We’re modeling how late the northbound C bus is by a constant called $$\theta$$, and we want to use the data of actual arrival times to figure out a good value for $$\theta$$. To find $$\theta$$, we use a loss function—a function that measures how far away our model is from the actual data.

A loss function is a mathematical function that takes in $$\theta$$ and a data value $$y$$. It outputs a single number, the loss, that measures how far away $$\theta$$ is from $$y$$. We write the loss function as $${\cal l}(\theta, y)$$.

By convention, the loss function outputs lower values for better values of $$\theta$$ and larger values for worse $$\theta$$. To fit a model to our data, we select the particular $$\theta$$ that produces a lower average loss across all other choices; in other words we find the $$\theta$$ that minimizes the average loss for our data, $$y_1, \ldots, y_n$$. We write the average loss as $$L(\theta, y_1, y_2, \ldots, y_n)$$, where

\begin{split} \begin{aligned} L(\theta, y_1, y_2, \ldots, y_n) &= \text{mean}\left\{ {\cal l}(\theta, y_1), {\cal l}(\theta, y_2), \ldots, {\cal l}(\theta, y_n) \right\} \\ &= \frac{1}{n} \sum_{i = 1}^{n} {\cal l}(\theta, y_i)\\ \end{aligned} \end{split}

As a shorthand, we often define the vector $$\mathbf{y} = [ y_1, y_2, \ldots, y_n ]$$. Then, we can write the average loss as:

$\begin{split} L(\theta, \mathbf{y}) = \frac{1}{n} \sum_{i = 1}^{n}{\cal l}(\theta, {y_i})\\ \end{split}$

Note

Notice that $${\cal l}(\theta, y)$$ tells us the model’s loss on a single data point while $$L(\theta, \mathbf{y})$$ gives the model’s average loss for all of our data points. The capital $$L$$ helps us remember that the average loss combines multiple smaller $$\cal l$$ values.

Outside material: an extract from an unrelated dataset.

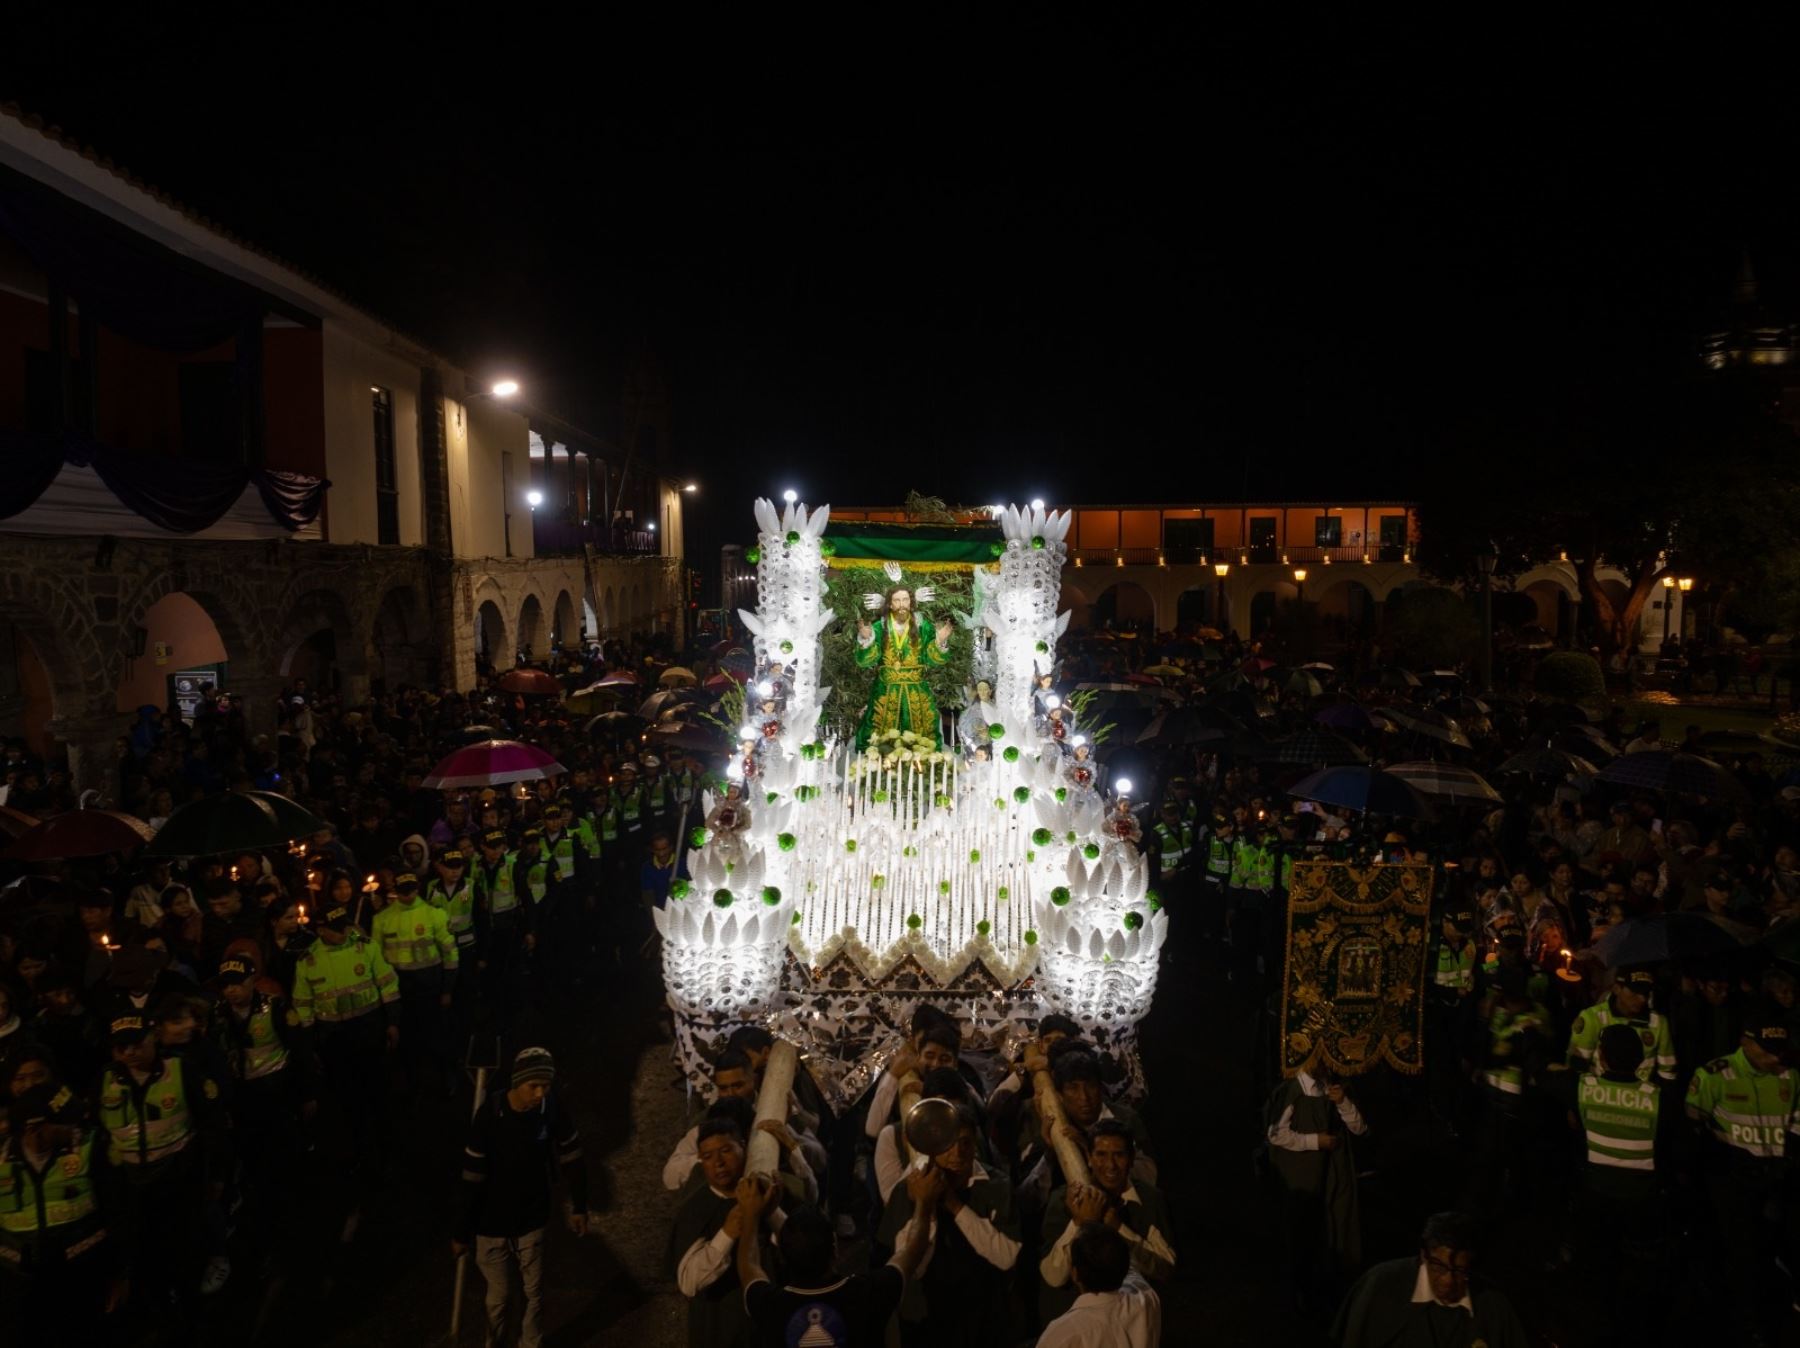 Devoción en Ayacucho. Cientos de feligreses acompañaron anoche la procesión del Señor del Huerto en el lunes santo, una actividad tradicional que forma parte de la celebración de la Semana Santa en Ayacucho. ANDINA/Difusión

Once we define a loss function, we can find the value of $$\theta$$ that produces the smallest average loss. We call this minimizing value, $$\hat{\theta}$$. In other words, of all the possible $$\theta$$ values, $$\hat{\theta}$$ is the one that produces the smallest average loss for our data. We call this process fitting a model to our data, since it finds the best constant model for a given loss function.

Next, we look at two specific loss functions: absolute error and square error. Our goal is to fit our model and find $$\hat{\theta}$$ for each of these loss functions.

## 4.2.1. Mean Absolute Error¶

We start with the absolute error loss function. Here’s the idea behind absolute loss. For some value of $$\theta$$ and data value $$y$$,

1. Find the error: $$y - \theta$$, and

2. Take the absolute value of the error: $$|y - \theta|$$.

So, our loss function is $${\cal l}(\theta, y) = | y - \theta |$$.

Taking the absolute value of the error is a simple way to convert negative errors into positive ones. For instance, the point, $$y=4$$, is equally far away from $$\theta = 2$$ and $$\theta = 6$$, so the errors are equally “bad”.

The average loss is called the mean absolute error, or MAE for short. That is, the MAE is the average of each of the individual absolute errors:

$\begin{split} L(\theta, {\mathbf y}) = \frac{1}{n} \sum_{i = 1}^{n} |y_i - \theta|\\ \end{split}$

Notice that the name MAE, tells you how to compute it–take the mean of the absolute errors.

We can write a simple Python function to compute this loss:

def mae_loss(theta, y_vals):
return np.mean(np.abs(y_vals - theta))


Let’s see how this loss function behaves when we have just five points $$[ -1, 0, 2, 5, 10]$$. We can try different values of $$\theta$$ and see what the loss function outputs for each value.

try_thetas(thetas=[-2, 0, 1, 2, 3, 4],
y_vals=[-1, 0, 2, 5, 10],
rug_height=0.3,
xlims=(-3, 12))


We suggest verifying some of these loss values by hand to check that you understand how the MAE is computed.

Of the values of $$\theta$$ that we tried, we found that $$\theta = 2$$ has the lowest mean absolute error. For this simple example, $$2$$ is the median of the data values. This isn’t a coincidence—let’s now see what the loss function outputs on the original dataset of bus times. We find the MAE when we set $$\theta$$ to the mode, median, and mean of the arrival times.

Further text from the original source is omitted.